Diamond’s ability to broadcast MLB games without paying is a byproduct of federal bankruptcy law. Like other parties that petition for bankruptcy under Chapter 11, Diamond received an “automatic stay,” which is a court order that tells creditors to suspend their collection activities and, in essence, back off. The stay provides time for Diamond to attempt to get its finances in order, including by renegotiating contracts so it would owe less.
But MLB and the teams argue Diamond still must pay what it already owes, not nothing or a lesser amount.
“Chapter 11 debtors are required to timely pay even the most mundane administrative expenses as they come due,” MLB wrote. If Bally RSNs can’t pay teams, MLB contends, those RSNs “should promptly reject their agreements with the Clubs to enable the Clubs to contract with an alternative broadcast partner.”
Diamond appears to have singled out the three clubs in question, which is by design. Last season, the Diamondbacks drew the second lowest TV ratings among the company’s 14 fully owned-and-operated RSNs, trailing only the Miami Marlins with deliveries of fewer than 20,000 area households per game. At the same time, Arizona’s legacy rights fees account for DSG’s fourth priciest contract, with an annual payout of some $68 million.
Much of the rate inflation can be chalked up to the relative size of the home media market. Per Nielsen, Phoenix is the eleventh largest DMA in the country; featuring 2.14 million TV homes (or roughly 2% of the nation’s base of 123.8 million), the physical dimensions of the market spill over across more than half of the state’s land area.
When approached from the opposite direction, it’s not difficult to suss out why Diamond saw fit to make its first payment of 2023 to the San Diego Padres, even if DSG waited until the final day of a two-day contractual grace period to make the club whole. At $47 million, the Padres are the third least expensive RSN obligation, while ranking among the top five in TV deliveries.
That said, the terms of San Diego’s legacy deal include a steep escalator clause; with nine years and $540 million left on the contract, the final season (2031) of the Padres’ RSN pact will cost Diamond more than $70 million in rights fees. Despite the regular price hikes, the Padres aren’t a loss leader for Diamond, although the same cannot be said for the low-rated NHL team, the Arizona Coyotes.

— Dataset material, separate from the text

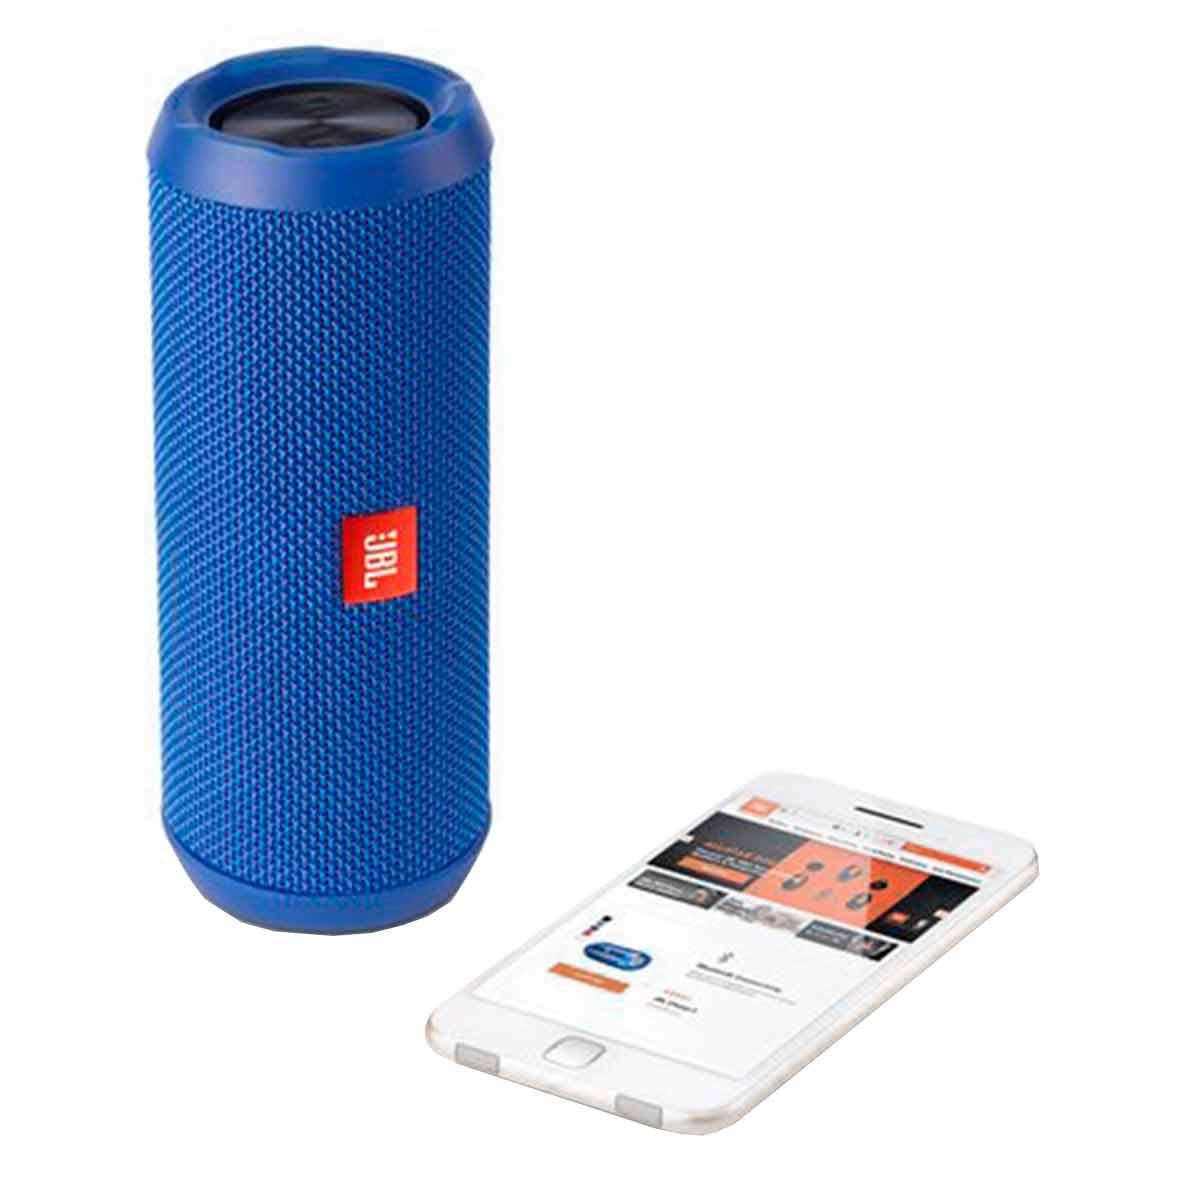 JBLFLIP3 - Caixa de Som Portátil 16W c/ Bluetooth JBL FLIP3 Azul - JBL
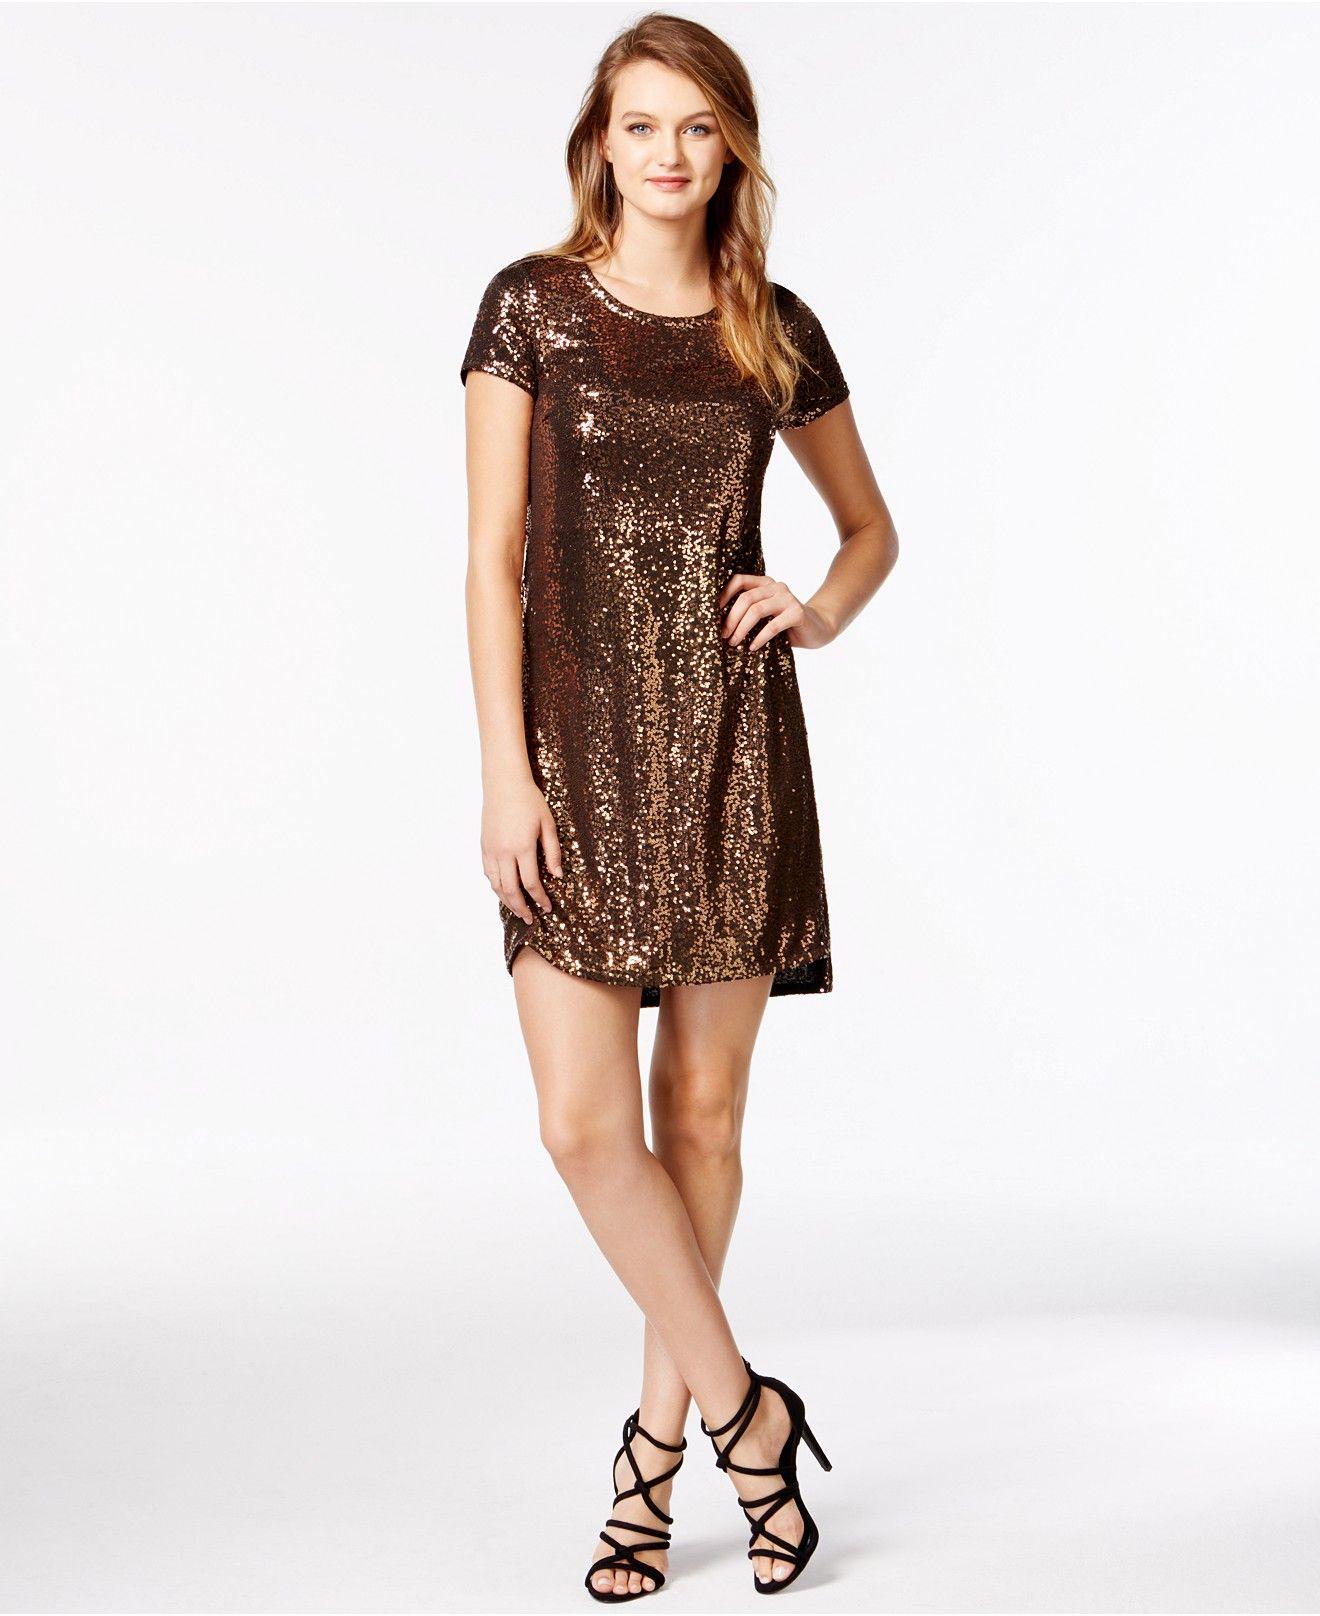 505cd16be1 Macys White Party Dress

MLB repeatedly stresses that teams rely heavily on revenue from RSNs. The league asserts that “on average, 90-95% of every club’s regular season games each season are broadcast to fans via an RSN” and while percentages vary by club, each earns a “significant portion of their total revenues” from telecast rights agreements with RSNs. In not paying, MLB argues, Diamond has caused teams to navigate “a complicated and fragile situation.”
In their brief for emergency relief, the Diamondbacks struck a similar chord. The team complained that Diamond (through Diamond Arizona) is “forcing the Diamondbacks to fund [its] business.” The team says that Diamond badly needs the Diamondbacks to survive since basketball and hockey regular seasons have ended and the Diamondbacks are the only pro team available to broadcast through the summer.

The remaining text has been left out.